Chocolate Guinness Cupcakes for St. Patrick's Day 2023

 It's a good thing everybody's Irish on St. Patrick's day because we love to celebrate. We decorate a little bit and I set the table with a festive shamrock tablecloth. As I get older and more family members are missing I find that I enjoy these low-key smaller holidays more than days like Christmas, New Years or, God forbid, birthdays. 

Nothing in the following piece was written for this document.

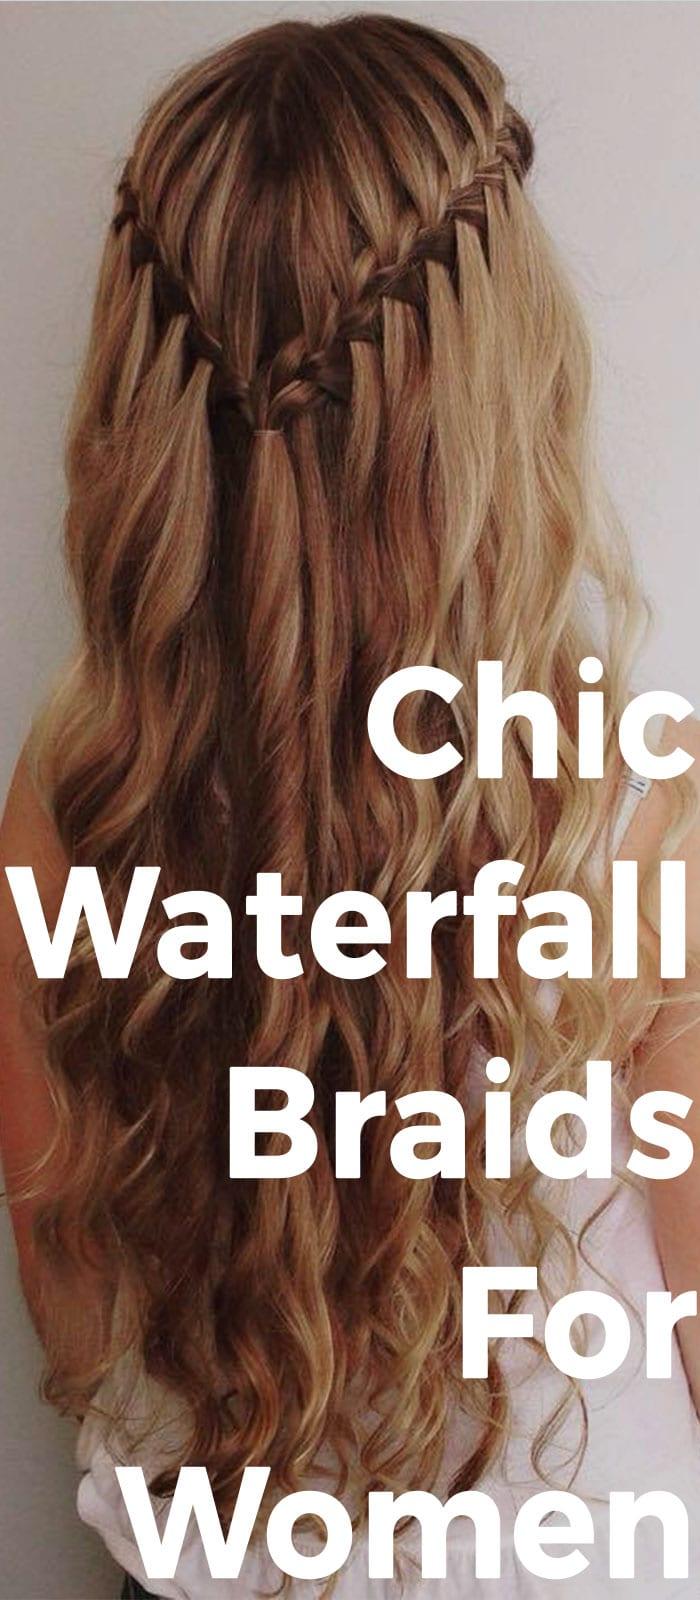 Chic Waterfall Braids For Women

This year our menu included Guinness beef stew, sauteed green cabbage and potato "farls". Dessert was Chocolate Guinness cupcakes with Guinness buttercream. I used this recipe from Sally's Baking Addiction and I'm just going to go ahead and say that they were absolutely scrumptious. I wish could have eaten several!  The recipe calls for reducing most of a bottle of Guinness to use in the batter and the frosting. That was my first time reducing beer, and with this kind of stout it made for a bit of a bitter reduction but of course once coupled with all the brown sugar in the batter they balanced each other out wonderfully.  It was also a chance to use some of my espresso powder, and I have a lot left over still. The recipe yields 16 cupcakes. They didn't dome at all in the oven, which is fine. 

I halved the buttercream and had just enough to pipe a bunch of shamrock decorations and frost 6 cupcakes. That's all I wanted anyway since I planned to freeze the rest. I mostly followed the buttercream recipe but added less chocolate powder and less espresso powder, and a tad more milk and vanilla than it called for. In retrospect I wish I'd also thought to add malt powder, which would reallly have elevated these. I frosted the cupcakes with a big blob from a 1/2 inch round tip and then placed them upside down on parchment paper to firm up in the fridge. I'd seen this technique online and really liked the smooth flat top it yielded. You quickly figure out how much frosting to put on and how hard to press the upside down cupcakes. Piping the buttercream shamrocks took many tries. I used Wilton tip 104 for most of them and it took my hand some practice getting the swooping motion to make the heart shapes for the leaves and connecting this into a shamrock shape. I piped one larger shamrock using an open star tip and really liked that one, but as the frosting got softer I started having trouble with it,  so only got one large shamrock. The stems were piped with Wilton tip 3 and pressing down a little  to get a bit of the flattened look that I ended up preferring to a rounder stem. I have a few more shamrocks in the freezer now. We'll see how they survive being jostled in there and if there's another use for them.

After all the work and such a complete meal it was lovely to go for a walk in the neighborhood, enjoying the fact that it stays light until after 7 pm now.